• _Activity_
Go through the listing below, and from the line containing "How to load Souliss on ESP8266." through its last line, transcribe every line exactly, skipping pictures.

• _Information provided_

--- START ---

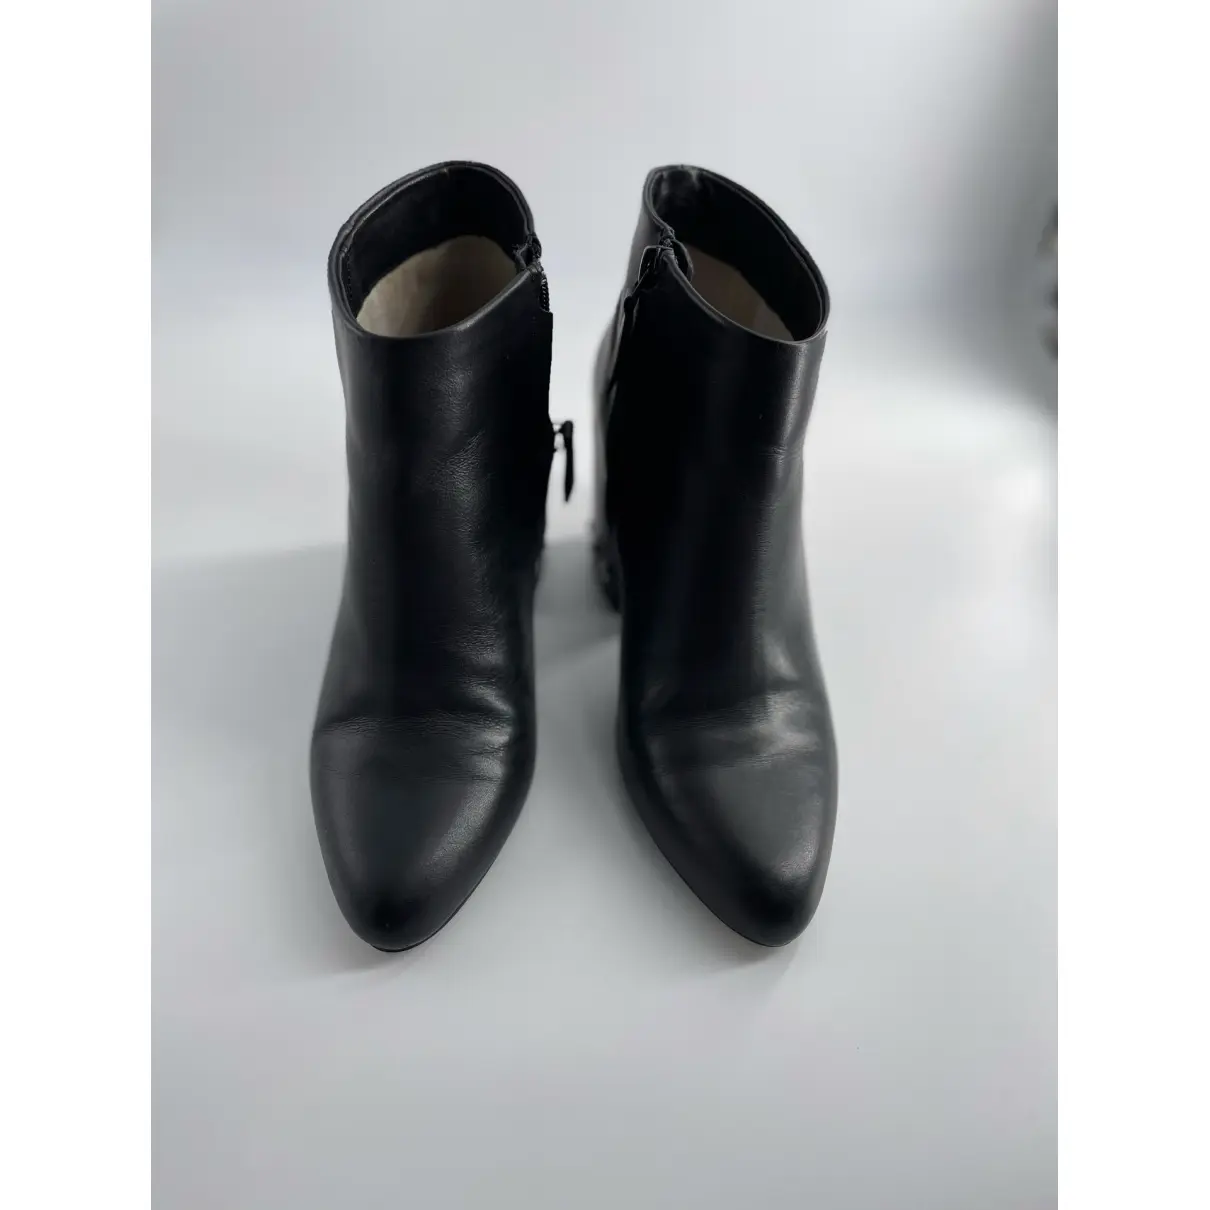 Buy Senso Leather ankle boots online
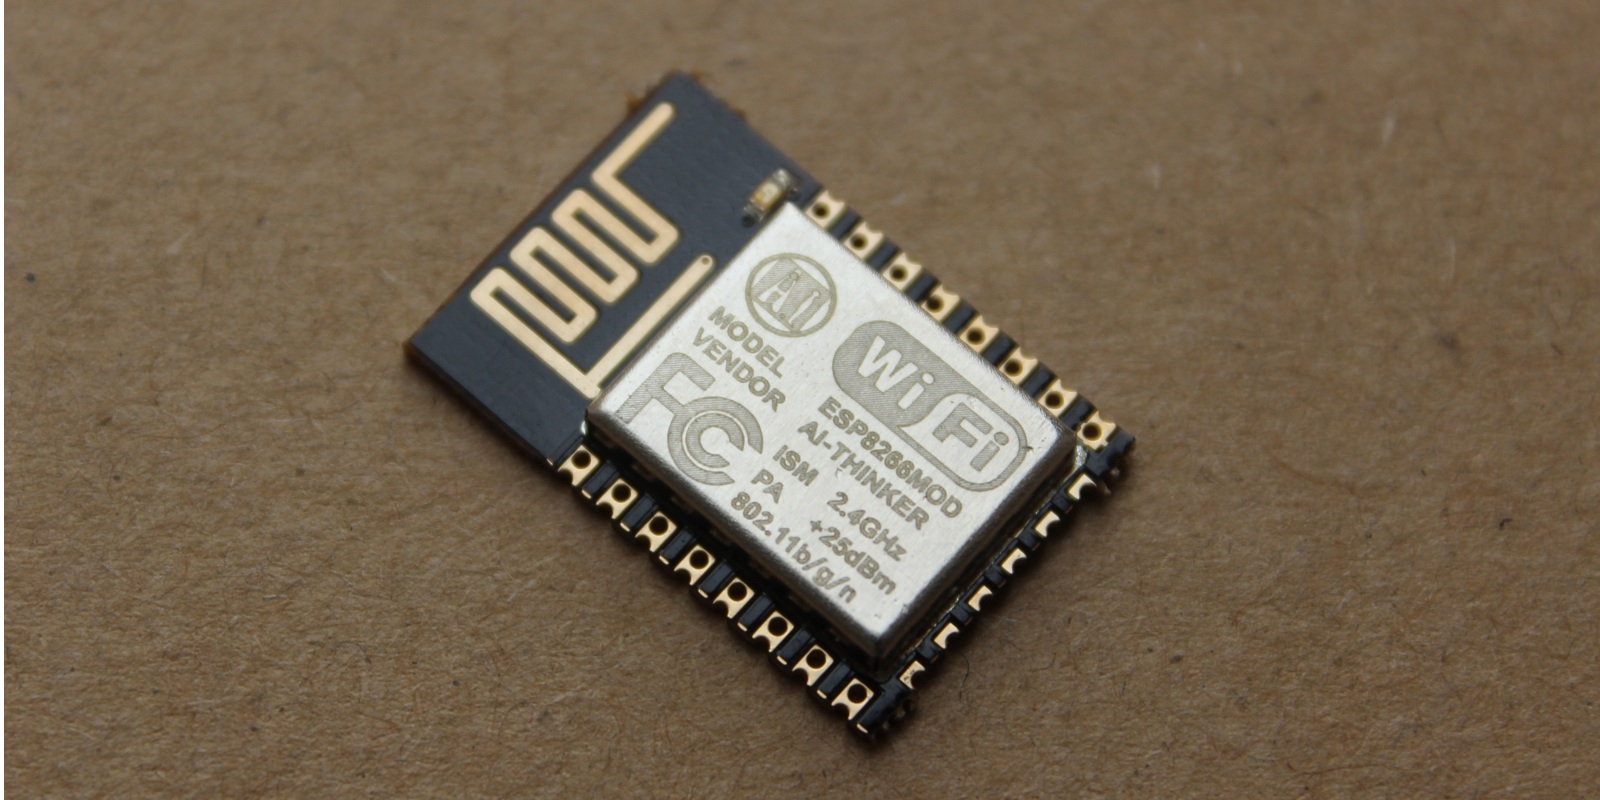 How to load Souliss on ESP8266.
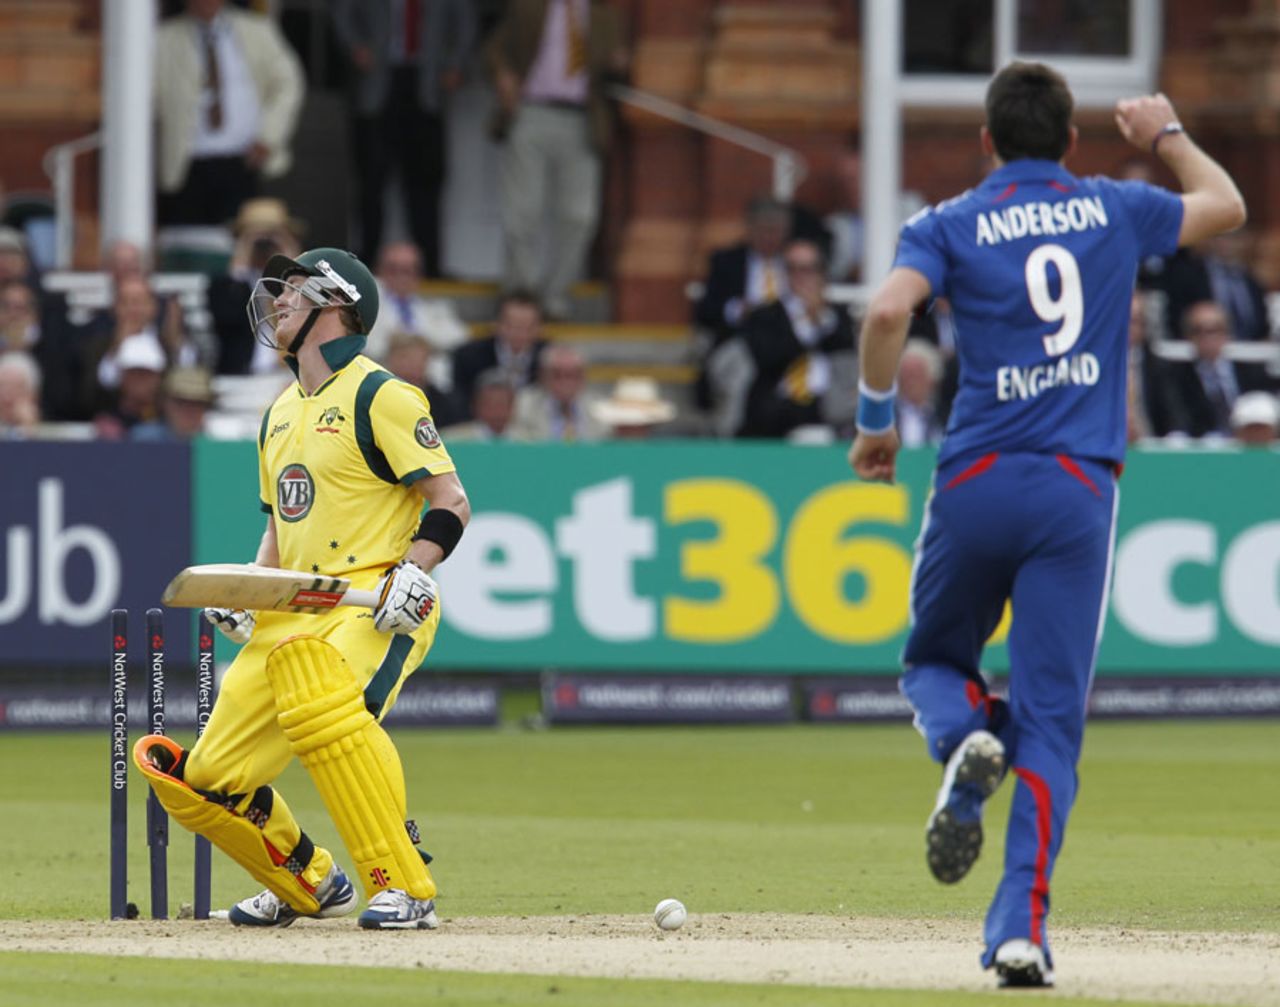 James Anderson ended a stand of 76 for the second wicket, England v Australia, 1st ODI, Lord's, June 29, 2012
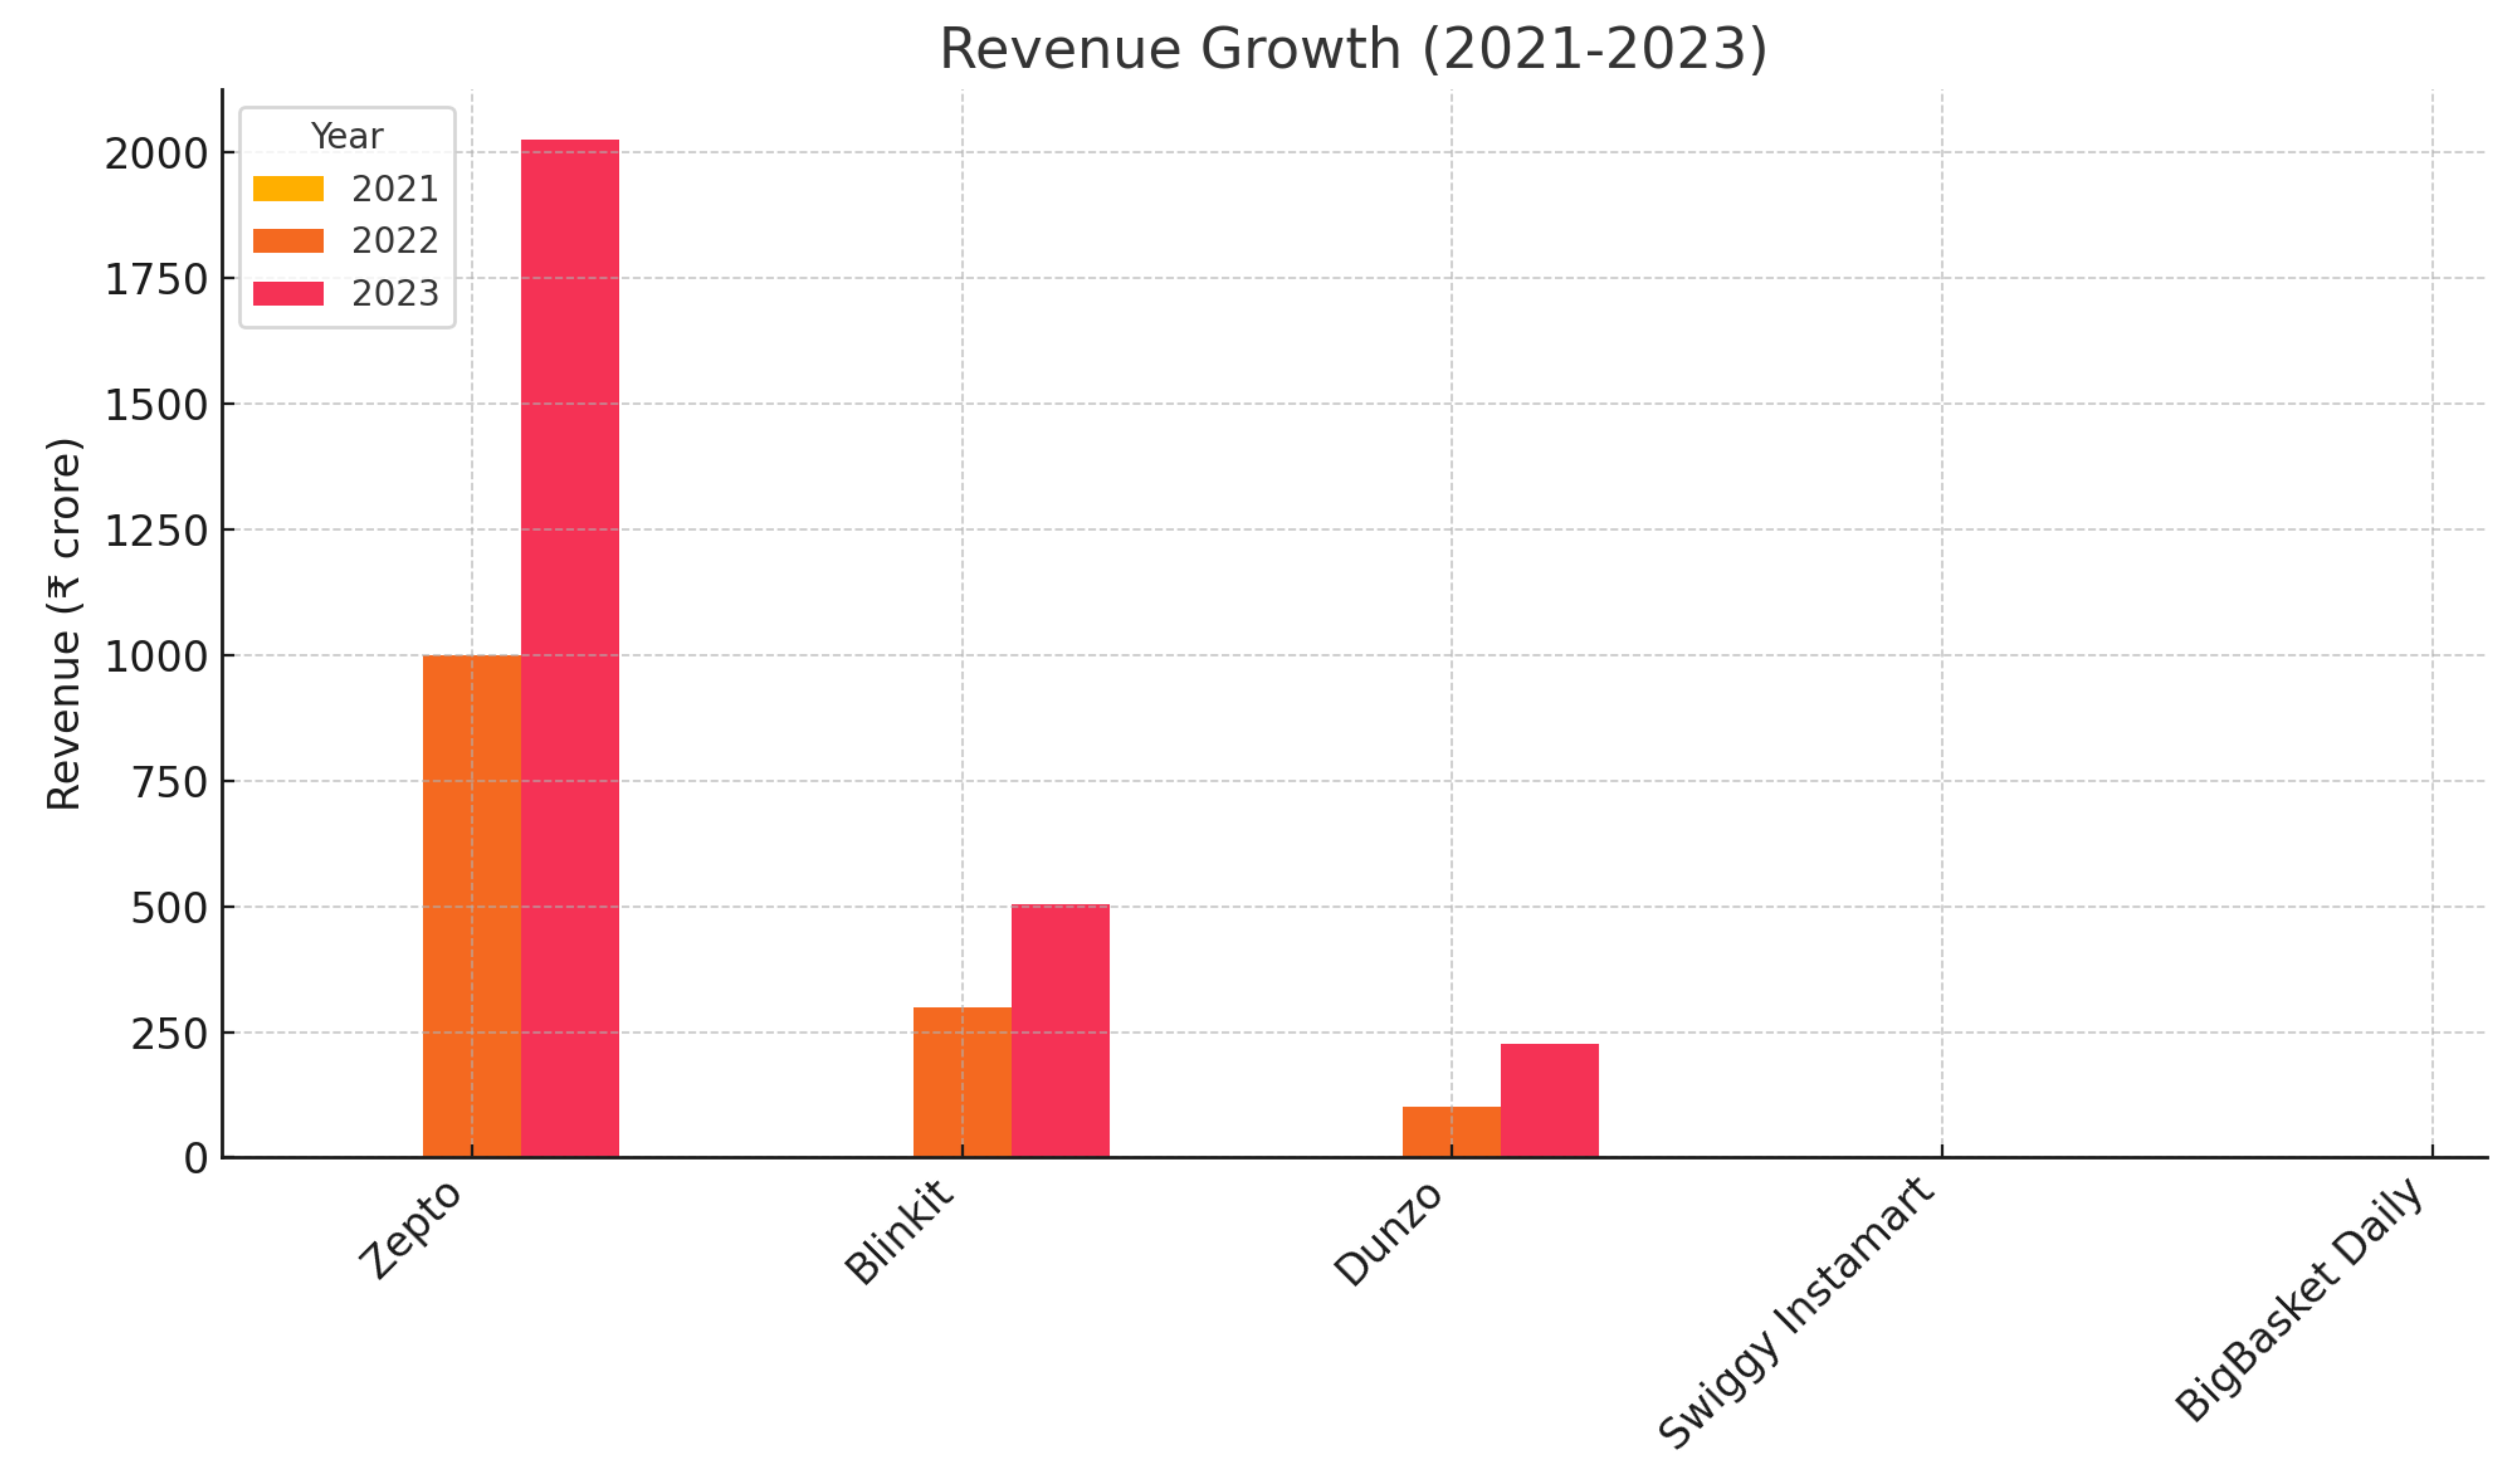 Bar chart showing revenue growth from 2021 to 2023 for Zepto, Blinkit, and Dunzo. Zepto's revenue increases from ₹0 in 2021 to ₹2024 crore in 2023, Blinkit's from ₹0 in 2021 to ₹505 crore in 2023, and Dunzo's from ₹0 in 2021 to ₹226 crore in 2023. Data for Swiggy Instamart and BigBasket Daily is not available.

--- END ---

• _Expected answer_
 How to load Souliss on ESP8266.
 James Anderson ended a stand of 76 for the second wicket, England v Australia, 1st ODI, Lord's, June 29, 2012
 Bar chart showing revenue growth from 2021 to 2023 for Zepto, Blinkit, and Dunzo. Zepto's revenue increases from ₹0 in 2021 to ₹2024 crore in 2023, Blinkit's from ₹0 in 2021 to ₹505 crore in 2023, and Dunzo's from ₹0 in 2021 to ₹226 crore in 2023. Data for Swiggy Instamart and BigBasket Daily is not available.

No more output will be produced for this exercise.